**Exercise description**.
Exactly as they stand, repeat the lines from the one containing "Aluminijasta premostitvena lestev, skupna" through the final line of the listing, both ends included, and nothing else; skip the pictures.

**Collected data**.
------------------------
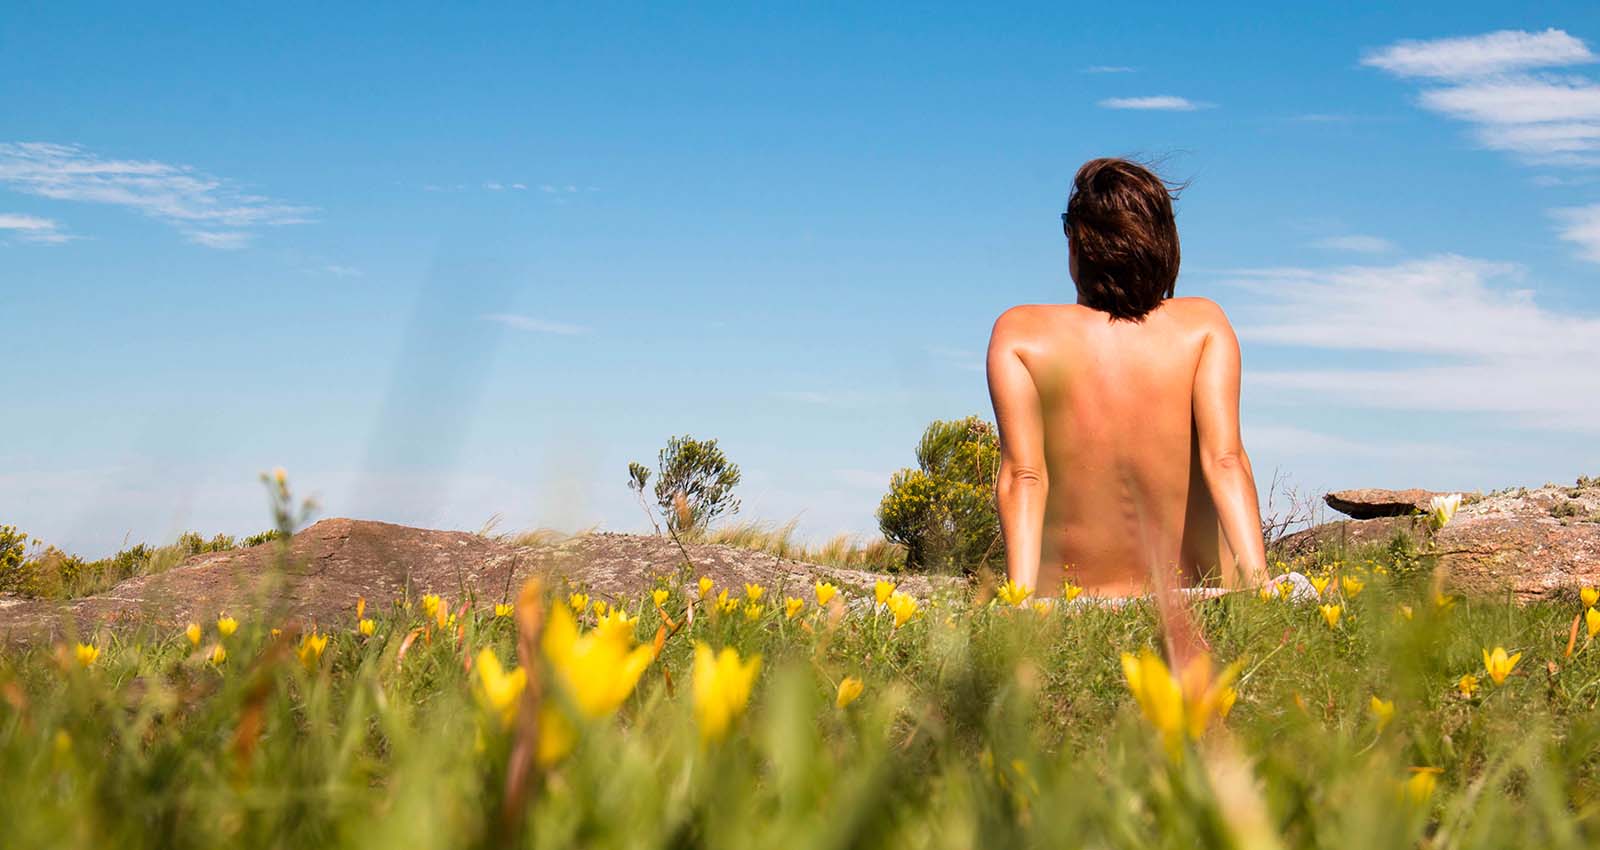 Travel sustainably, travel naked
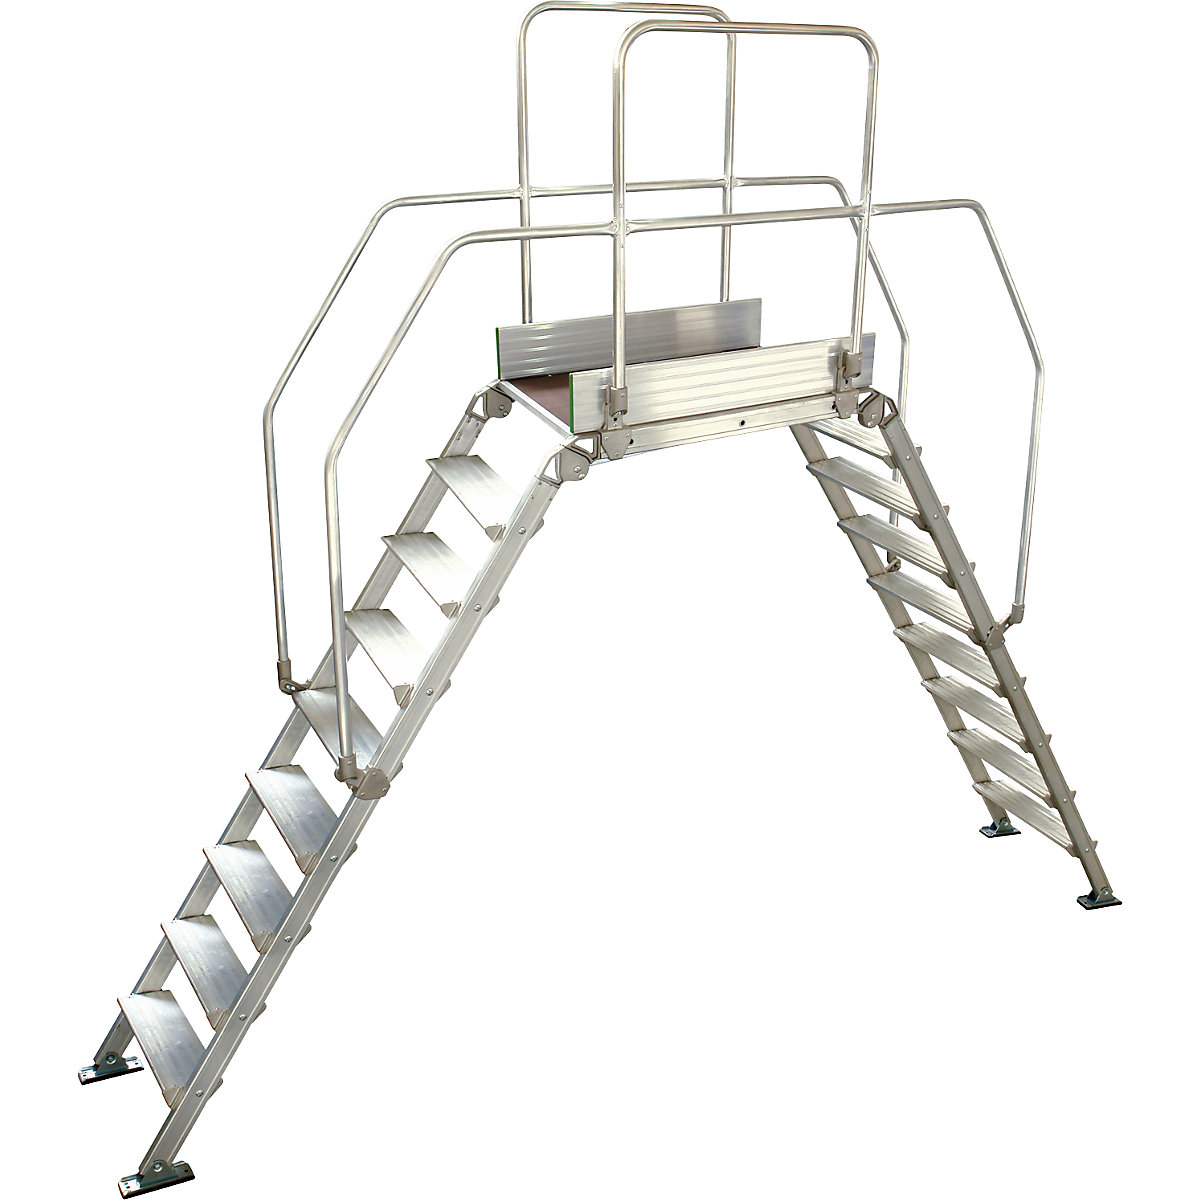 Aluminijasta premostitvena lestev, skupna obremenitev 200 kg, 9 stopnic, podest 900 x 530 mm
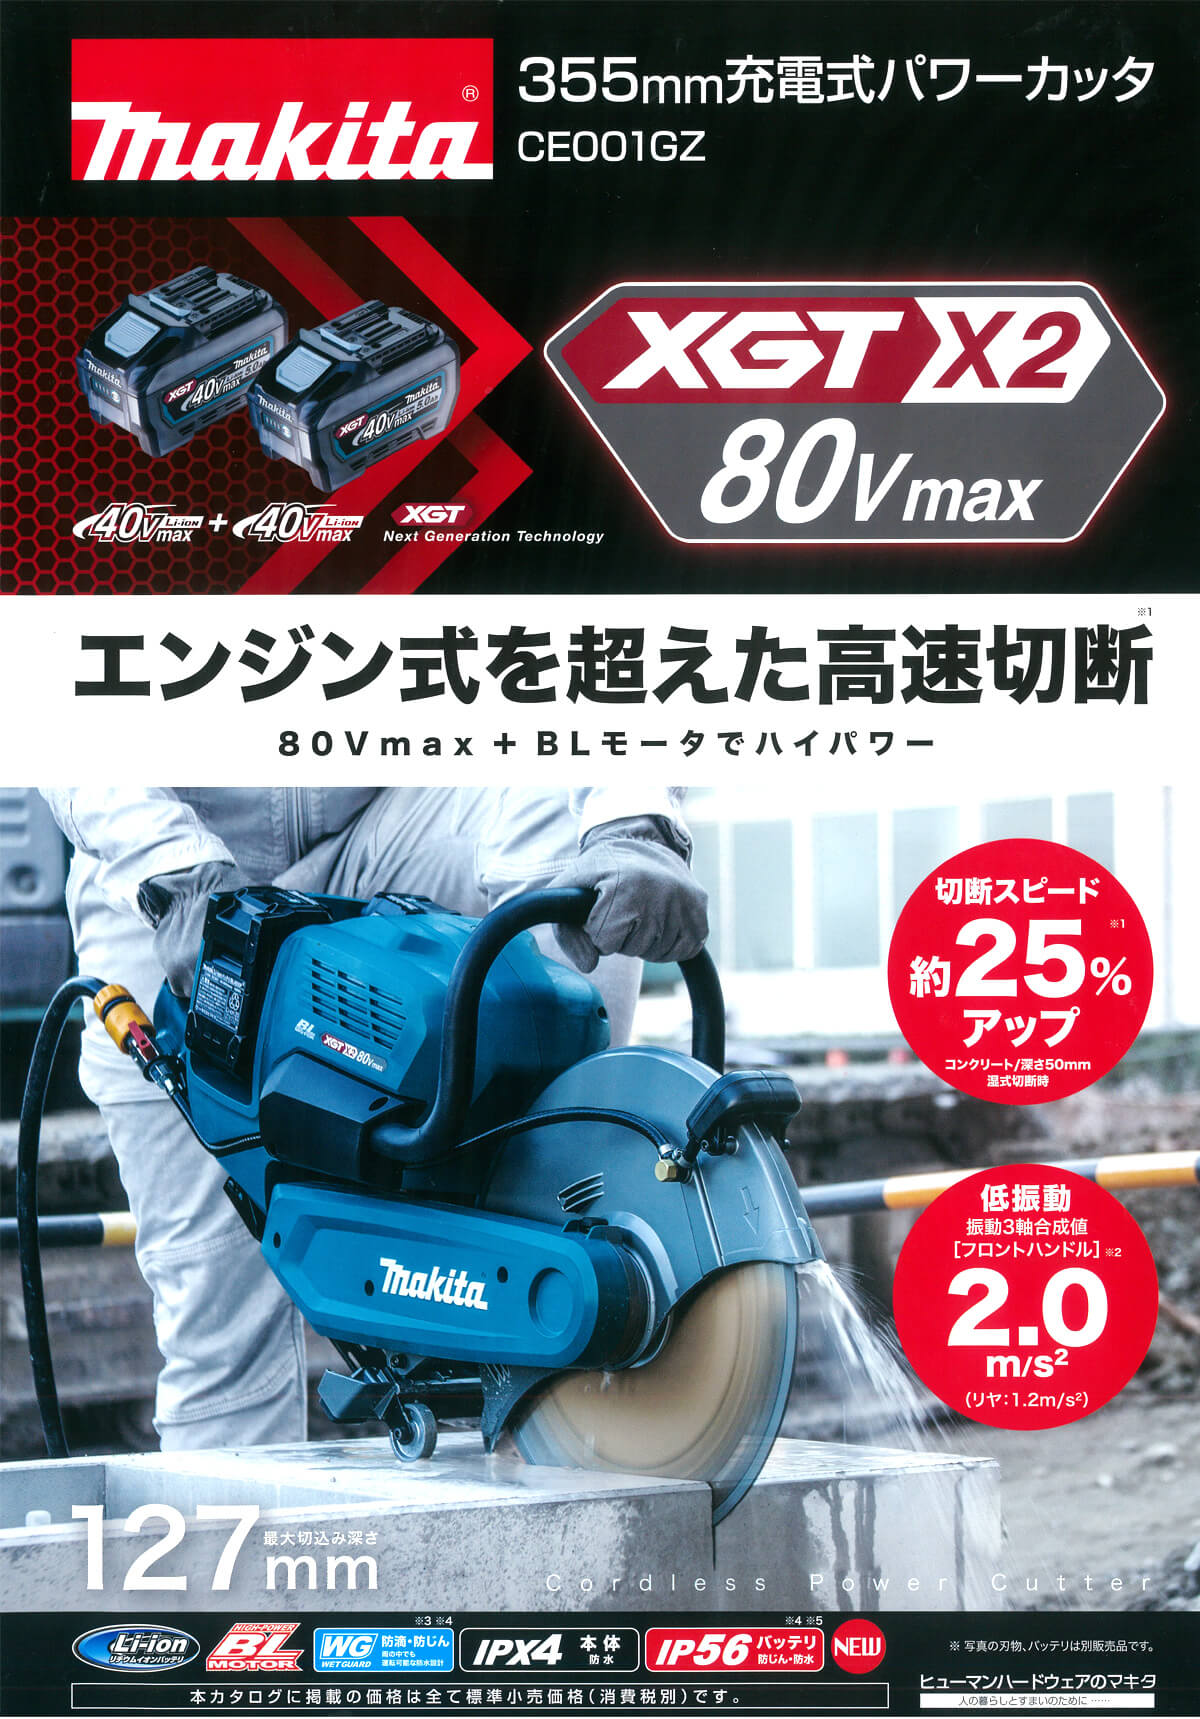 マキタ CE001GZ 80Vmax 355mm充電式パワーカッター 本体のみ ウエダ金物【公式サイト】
------------------------
**Output for this task**.
 Aluminijasta premostitvena lestev, skupna obremenitev 200 kg, 9 stopnic, podest 900 x 530 mm
 マキタ CE001GZ 80Vmax 355mm充電式パワーカッター 本体のみ ウエダ金物【公式サイト】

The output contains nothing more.